Some sets of objects are more complicated to reconstruct than an instance of the above class and its RandomAccessFile object. In such cases, the information to reconstruct the objects may be spread out over multiple objects in the set. The ObjectInputValidation interface provides a way to handle this situation. As the readObject() method of ObjectInputStream reads a set of objects, it notices which of those objects implement the ObjectInputValidation interface. After readObject() is done reading a set of objects, but before it returns, it calls the validateObject() method for each object in the set that implements the ObjectInputValidation interface. If one of those methods is unable to properly reconstruct something or detects an inconsistency of some sort, it should throw an ObjectInvalidException. Note that the order in which the validateObject() methods are called is not documented.

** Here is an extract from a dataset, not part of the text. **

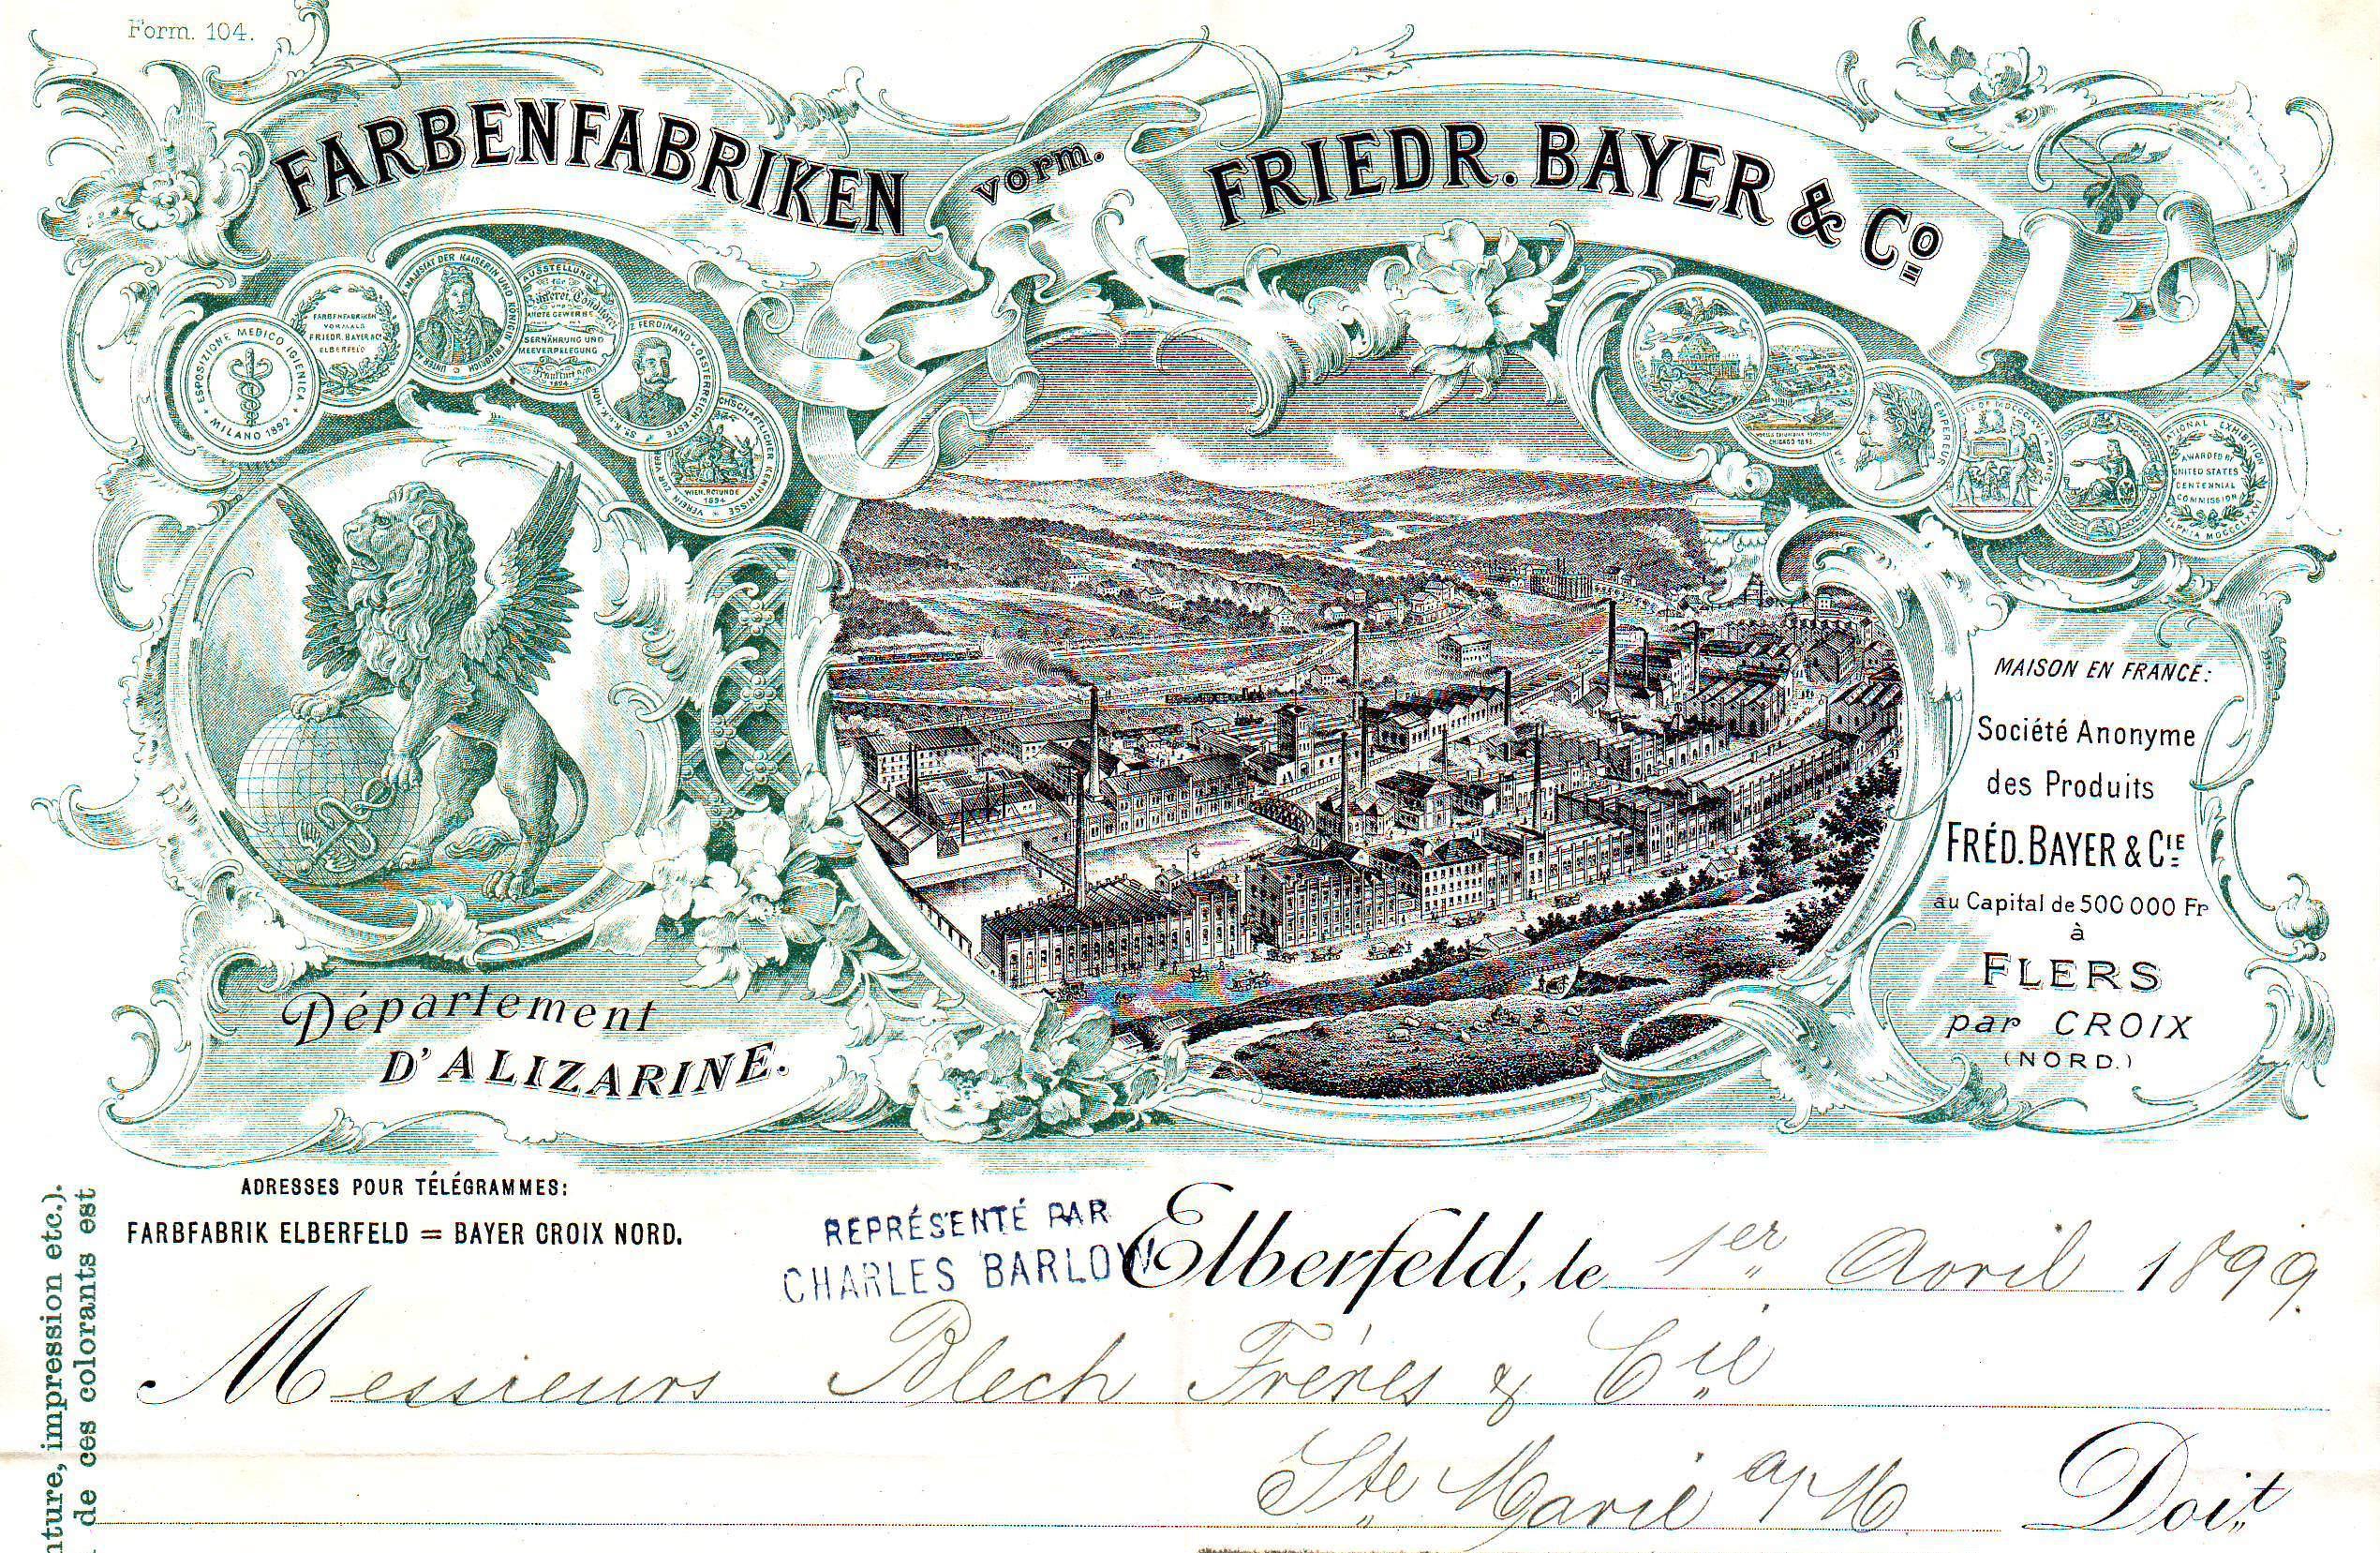 Inšpiratívny príbeh spoločnosti Farbenfabriken vormals Friedrich Bayer (1. časť)

It is also possible for a class to take complete control over its serialized representation, using the Externalizable interface. The Externalizable interface extends the Serializable interface and defines two methods: writeExternal() and readExternal(). During serialization, if an object implements Externalizable, its writeExternal() method is called. The writeExternal() method is responsible for writing all of the information in the object. Similarly, during deserialization, if an object implements Externalizable, its readExternal() method is called. The readExternal() method is responsible for reading all of the information in the object. Note that the Externalizable mechanism is used instead of, not in addition to, the mechanism for handling Serializable objects.